> [Task]:
Starting with the line that has "Boeing 787 Training" in the records below and stopping after the line that has "Wine Bottle Carrier", output every line exactly and nothing else; skip pictures.

> [Exercise data]:
= Beginning of Section =
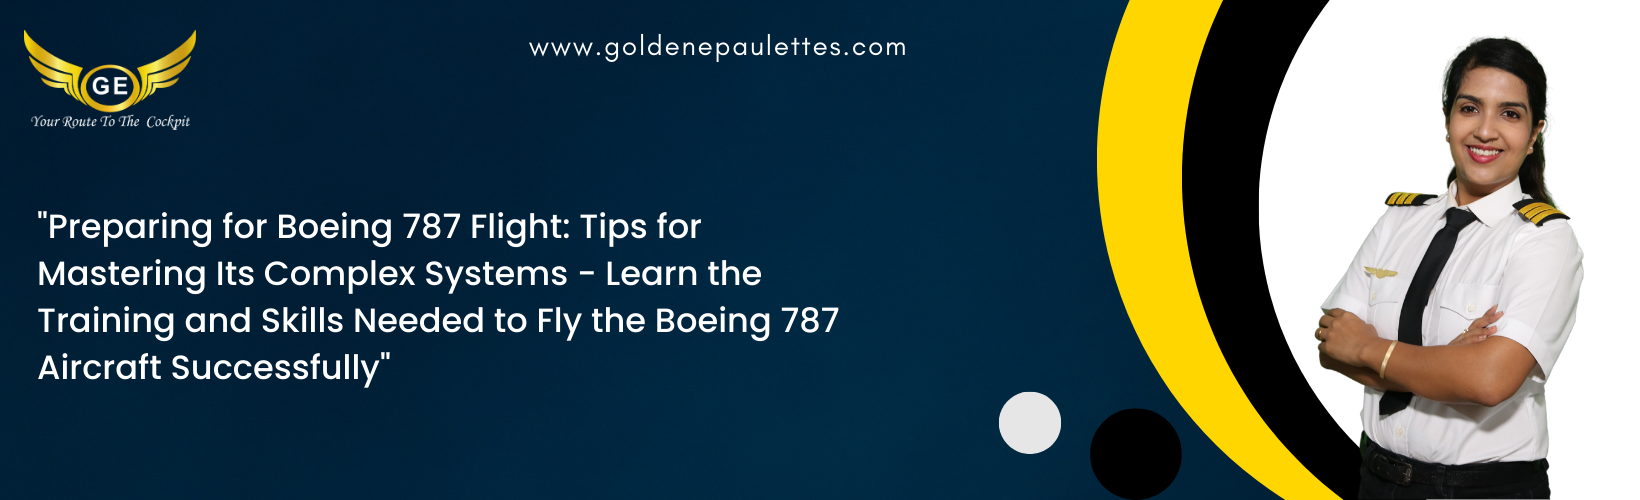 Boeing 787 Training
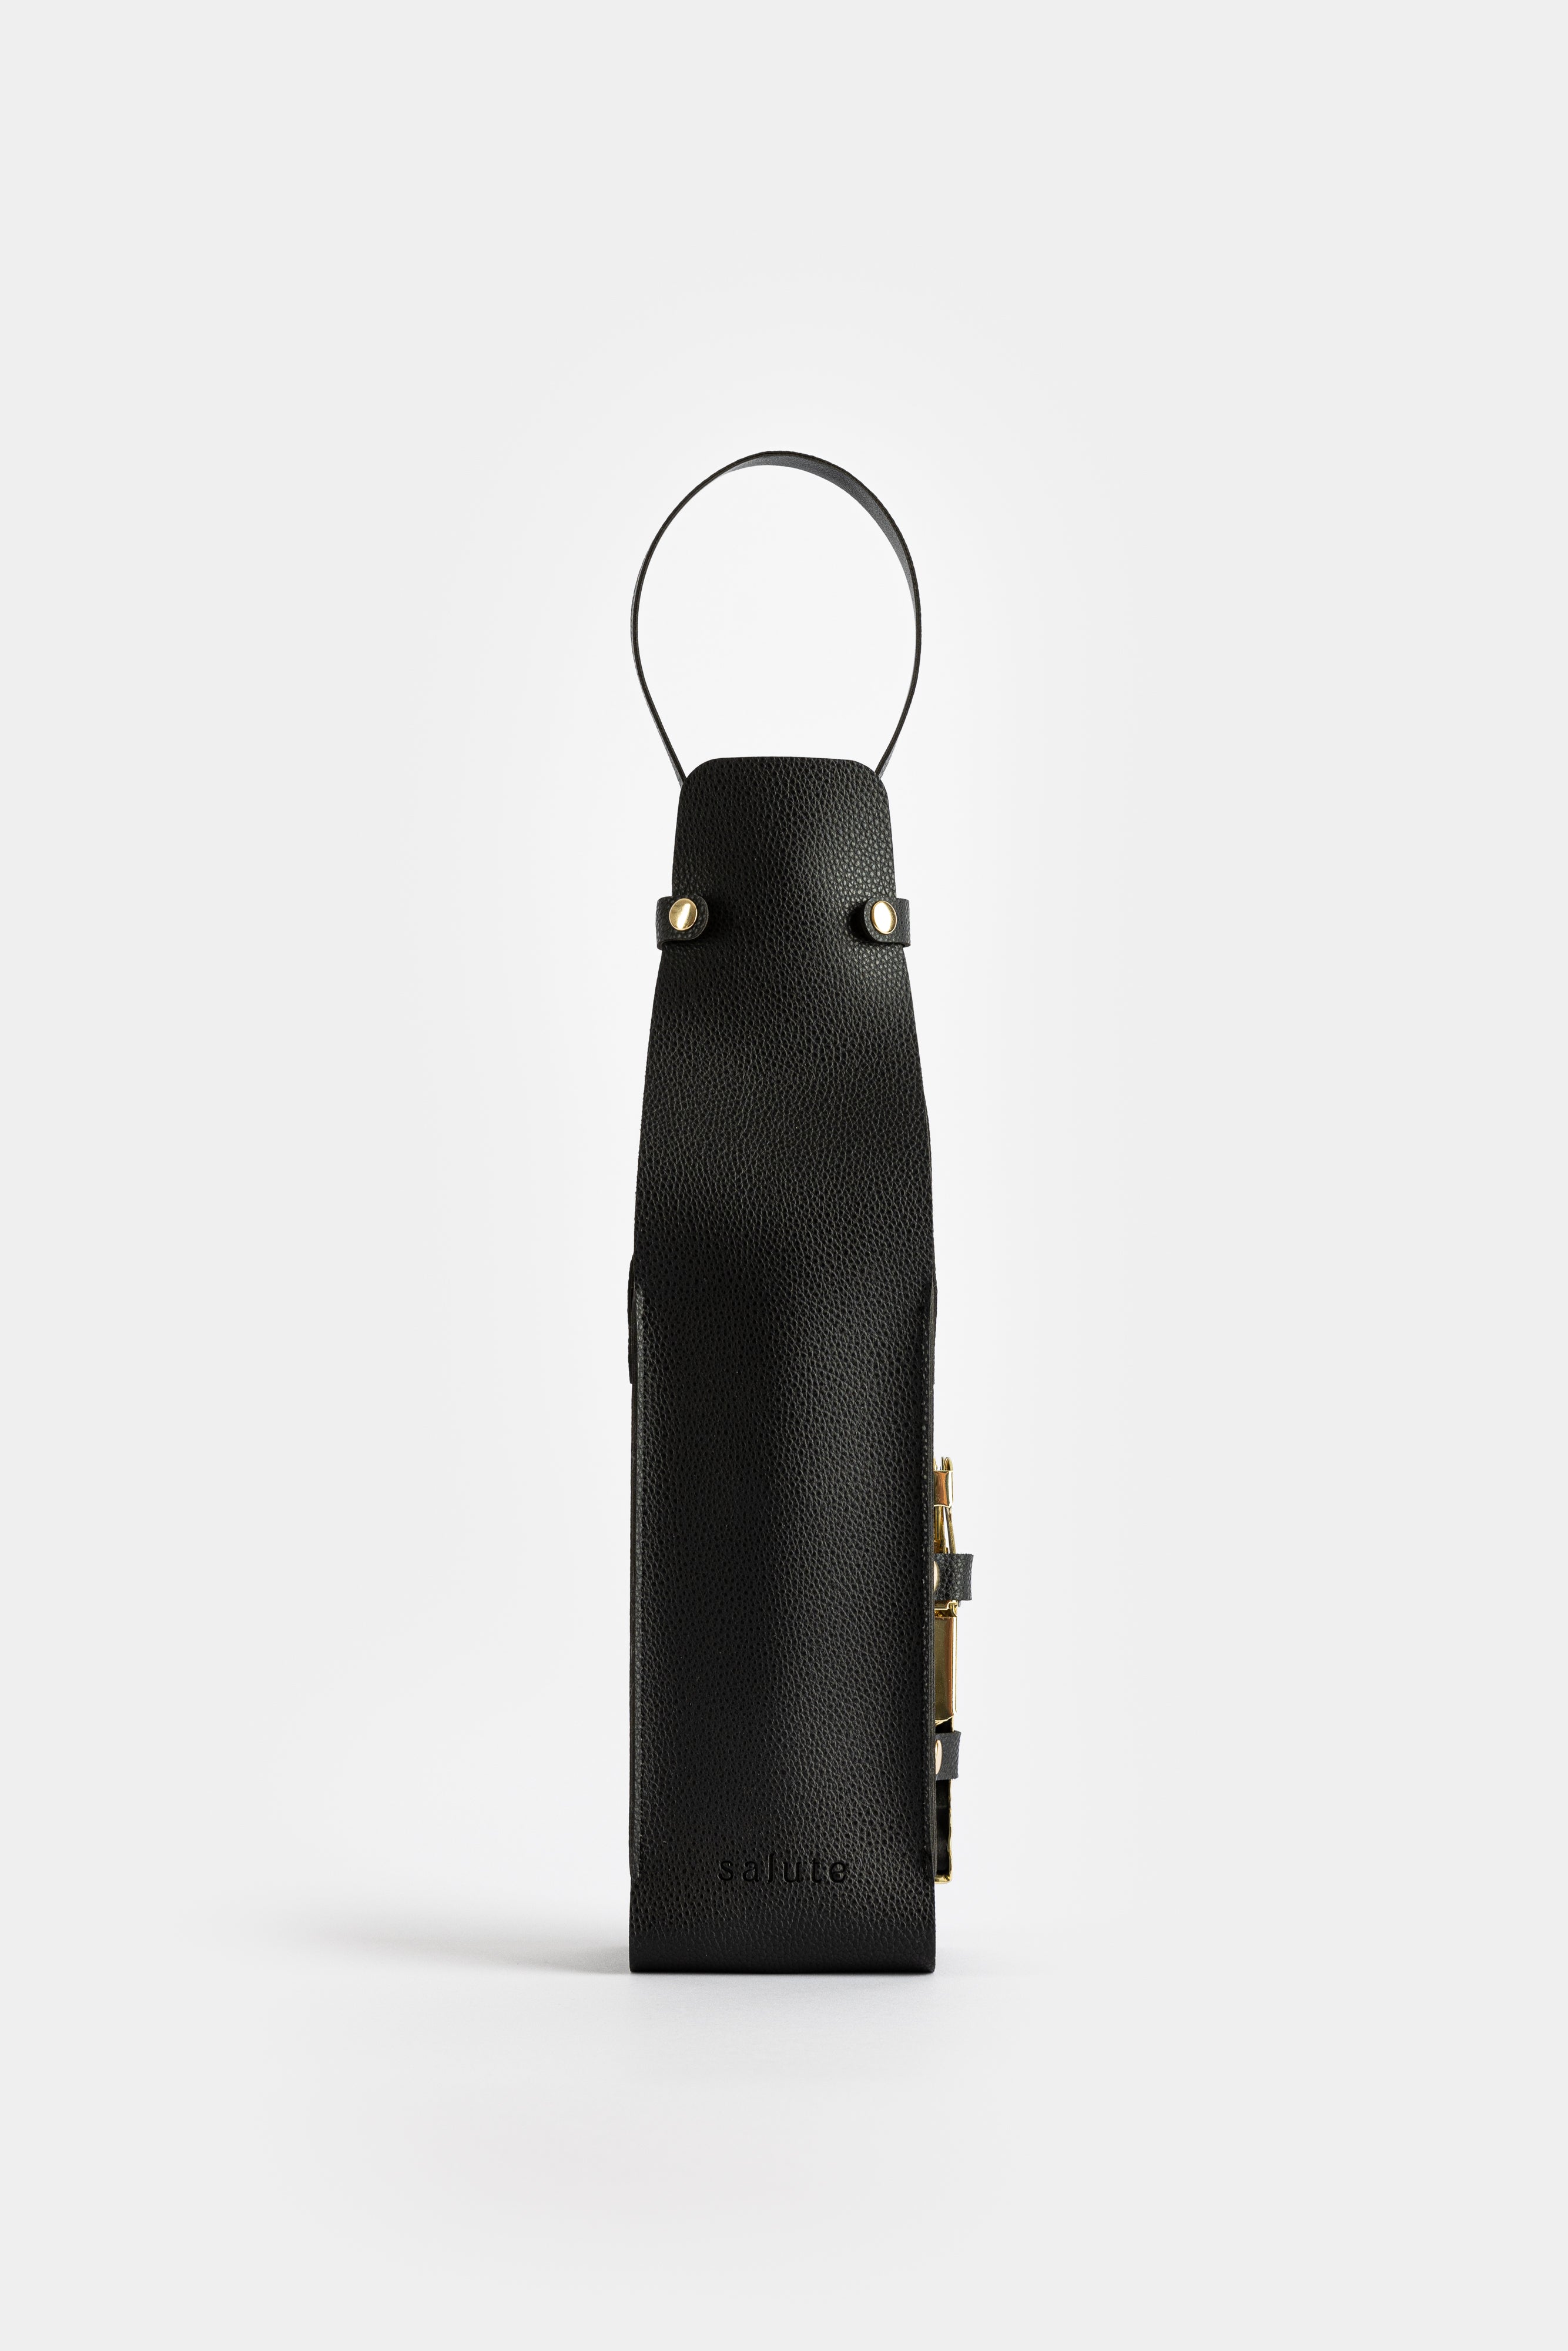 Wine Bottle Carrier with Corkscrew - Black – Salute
= End of Section =
= Beginning of Section =
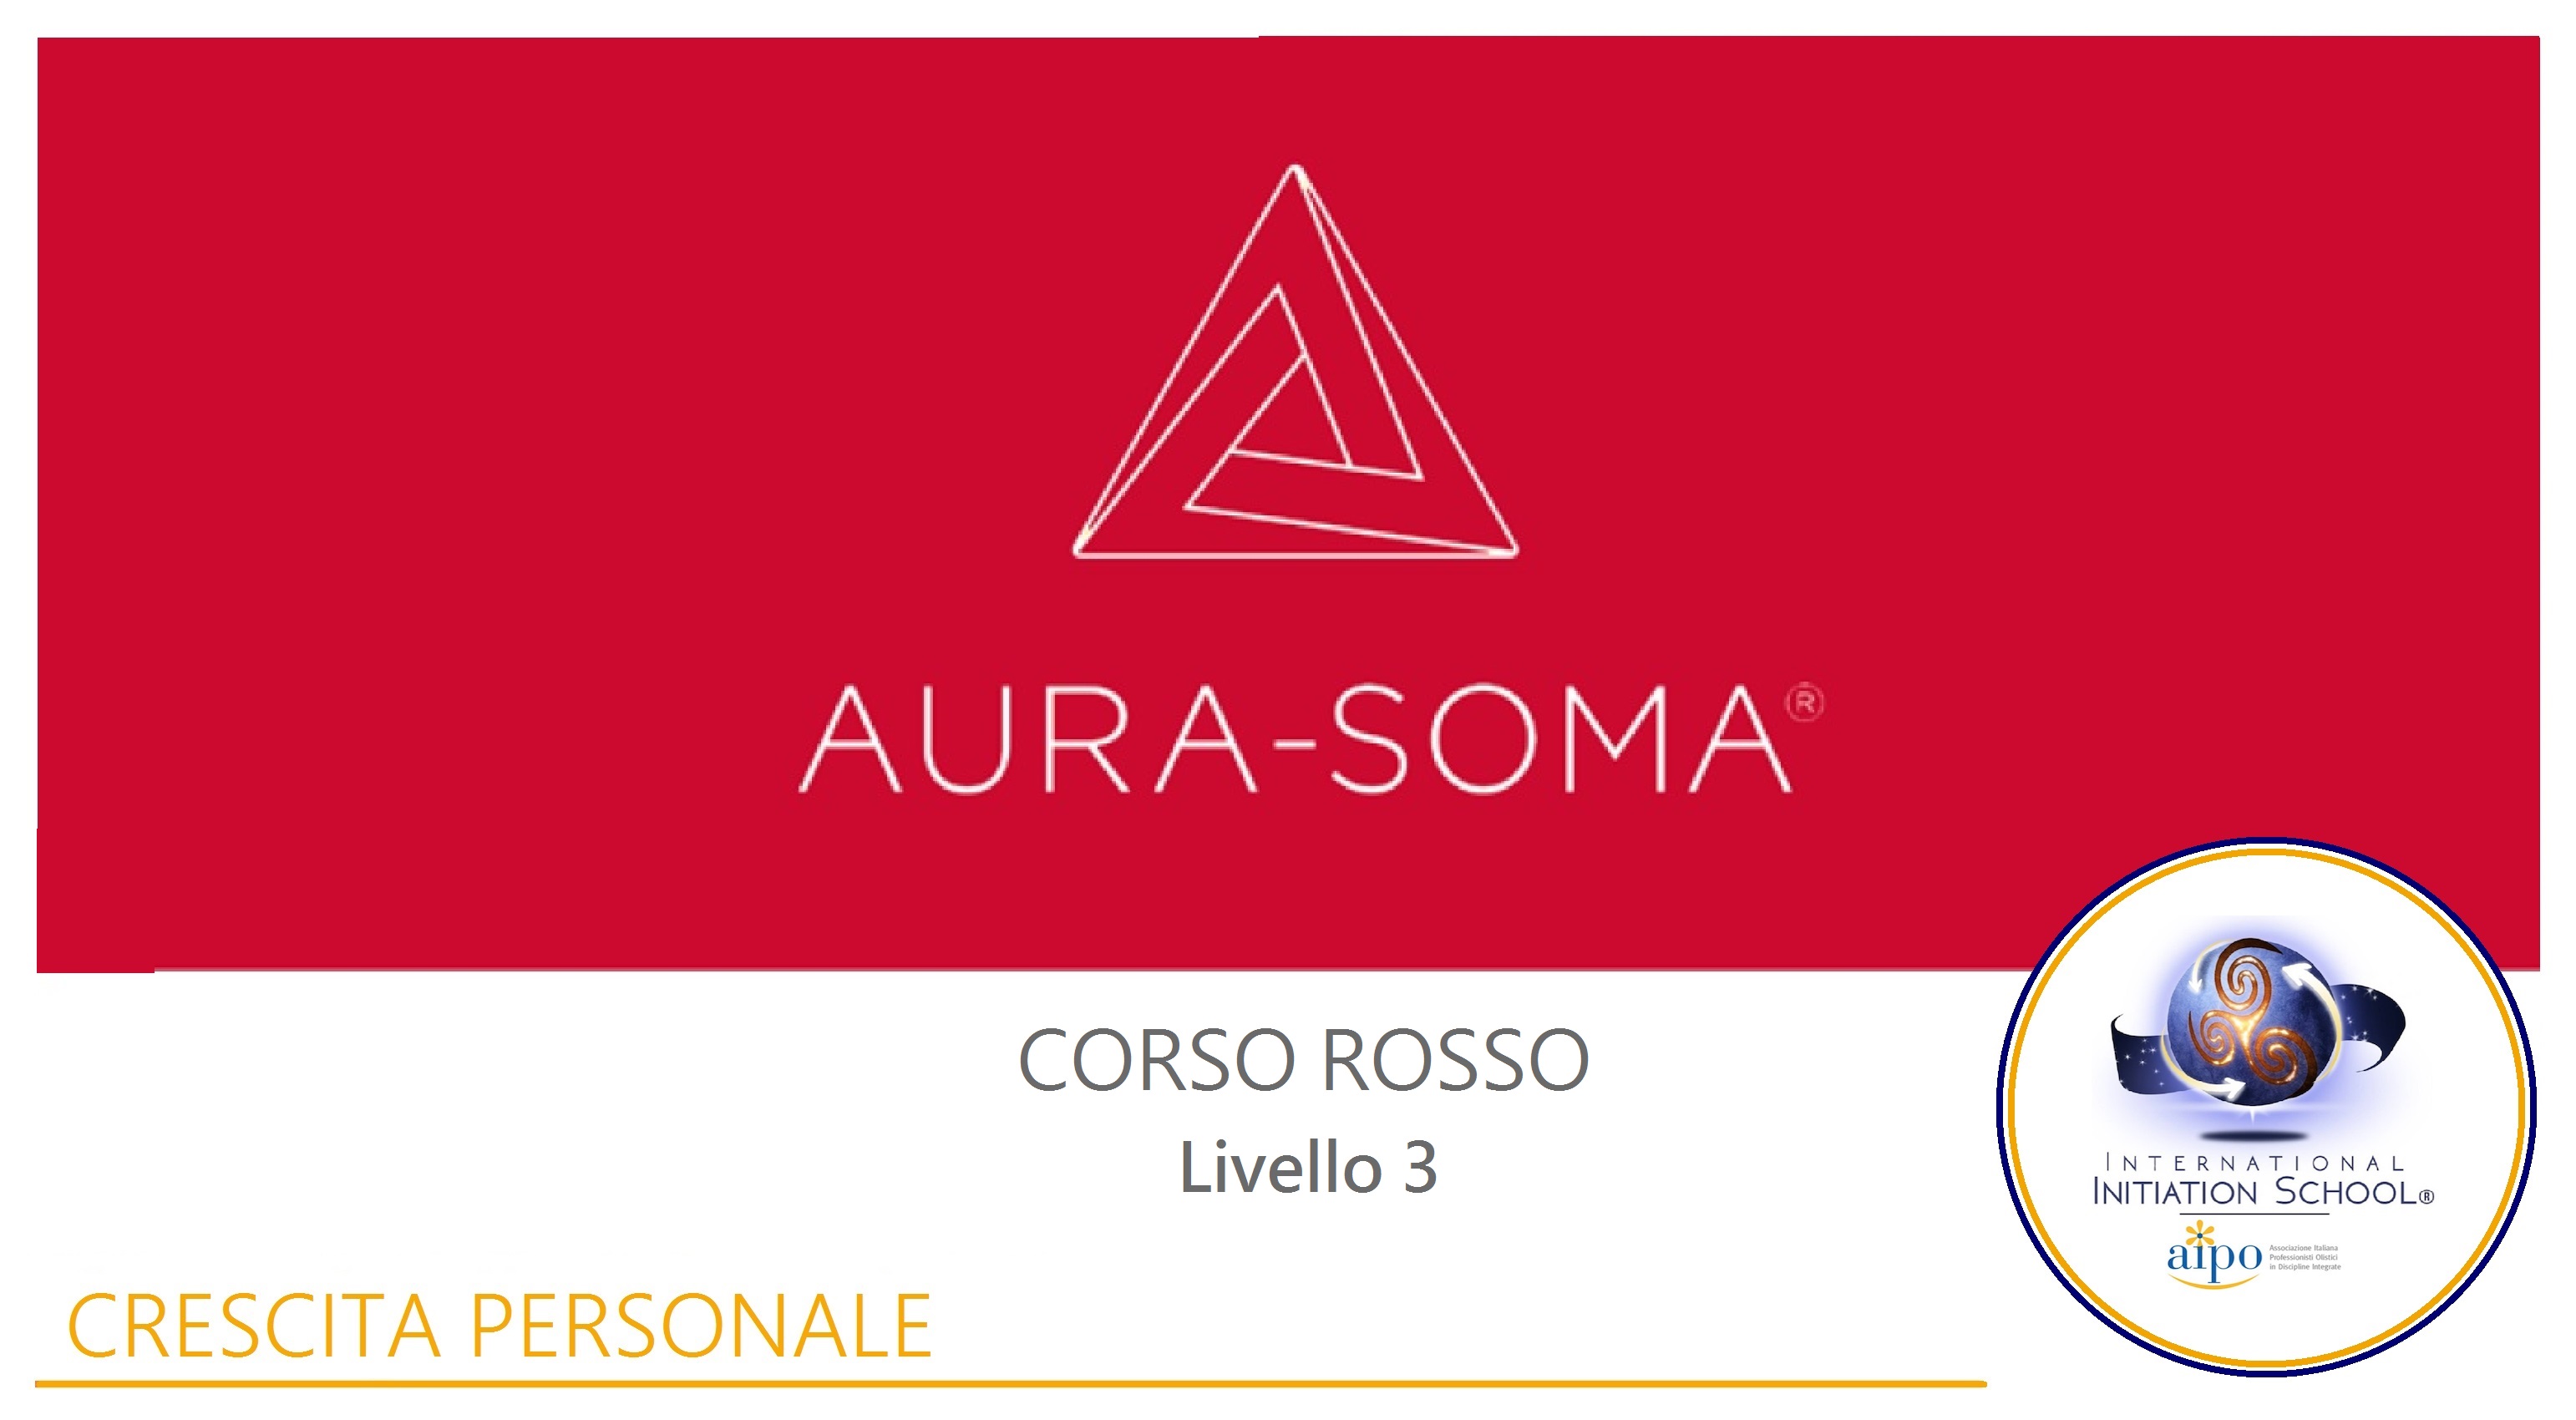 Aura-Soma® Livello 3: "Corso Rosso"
= End of Section =
> [Answer to this exercise]:
 Boeing 787 Training
 Wine Bottle Carrier with Corkscrew - Black – Salute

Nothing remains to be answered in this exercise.